Difference between S Corporation and C Corporation

When it comes to business, corporations are classified into two types namely S Corporation and C Corporation.

Their main differences involve both federal and state taxation, benefits to employees, capital, stocks, business activities, fiscal year, size of the corporation, and methods used in accounting.

There is a misconception among people about the formation of an S Corporation. Many people thought that an S Corporation election is being held at the time that the corporation itself is formed. This is not how an S corporation is formed.

A C corporation is like the default type of corporation because whenever a corporation is formed, it is automatically considered as C Corporation. It will remain as a C Corporation unless you file an S Corporation election with the IRS. Filing for an S Corporation also involves several things; this includes the approval of all the shareholders. A form must be completed and submitted to the IRS to request for an S corporation election. Form 2533 is filled out and submitted to the IRS in accordance with the Internal Revenue Code.

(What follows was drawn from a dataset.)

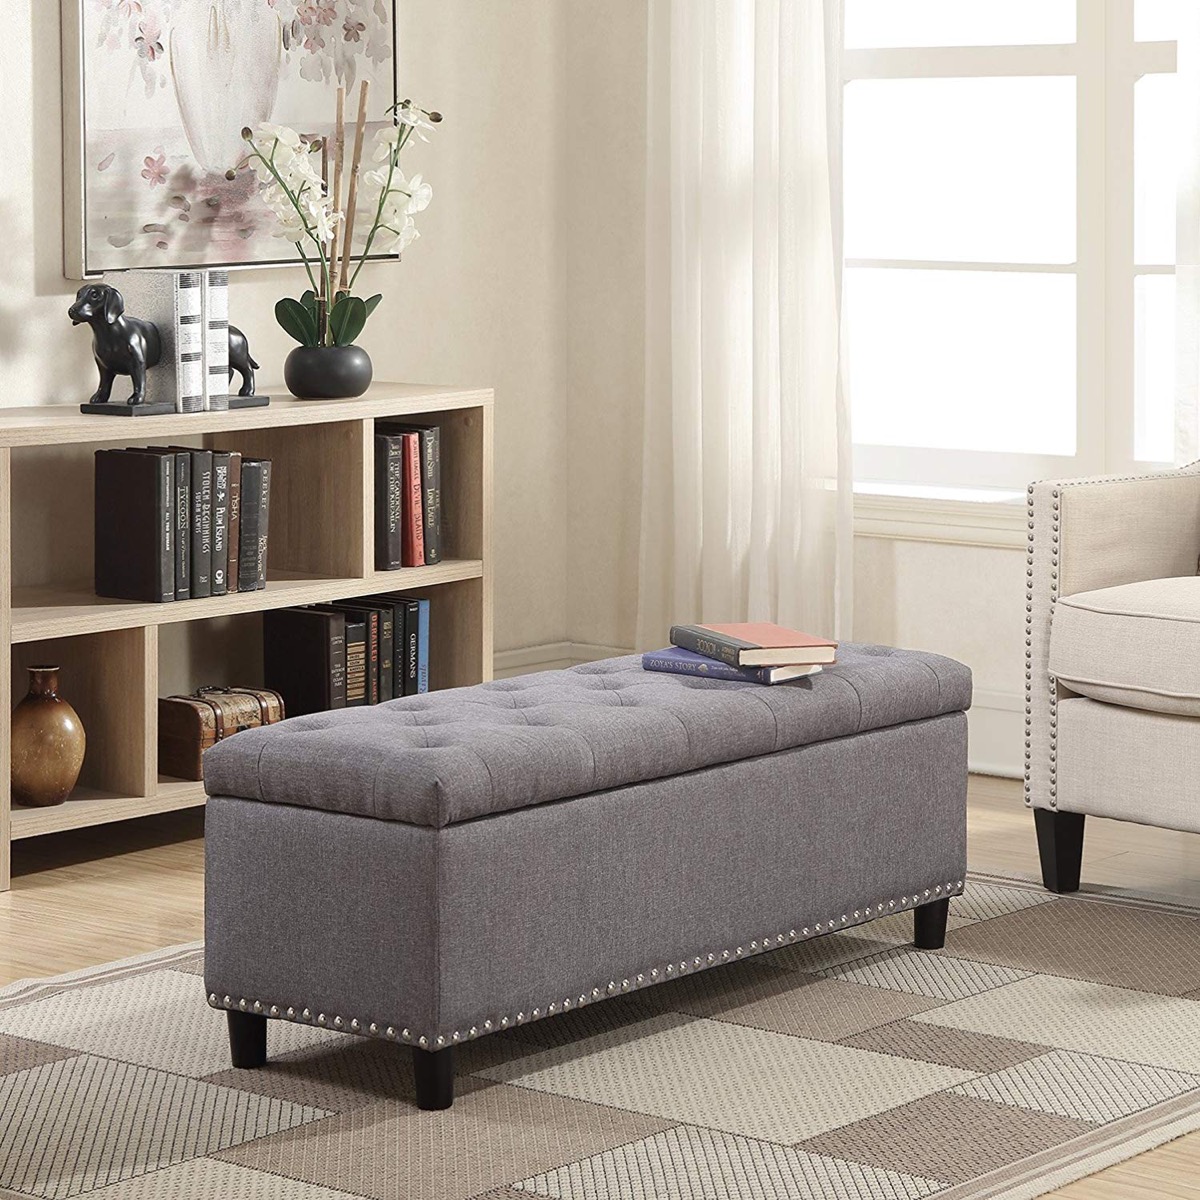 51 Storage Benches To Streamline Your, Living Room Bench Seating With Storage

There is no specific time to file for an S corporation election request because a corporation can file anytime, this could be immediately after the corporation is formed or years after.

In the United States, there are cases that a corporation must file another S Corporation election in a state. And that state may not honor the same S corporation tax exemptions. It is also important to know that an S Corporation can covert back to C Corporation. It just has to file a request with the IRS. While C Corporation needs to keep its December 31 fiscal year and needs to wait for five years to be able to convert to an S Corporation again.

When it comes to federal taxation, S Corporation has an advantage over C Corporation. Shareholders of a C Corporation still need to file their dividends as income on their tax return even if the corporation has paid for that dividend’s corporate taxes. This is called “double taxation”, which is not present in an S Corporation.

In an S Corporation, shareholders file a K-1 tax return so that the corporation will not pay for an income tax. As an alternative, the share of each shareholder including the owners should be included on their own personal tax returns.

There is also a difference when it comes to employee benefits between an S corporation and a C corporation. In an S corporation, shareholders with more than 2% share of the corporation are not entitled to some tax-free benefits.

Remember that an S Corporation can covert back to C Corporation anytime just by filing a request with the IRS. But when it is already converted back to C Corporation, it must keep the December 31 fiscal year and cannot covert back to S Corporation in the next five years. Forming a new corporation is sometime better than waiting for those five years to save taxes.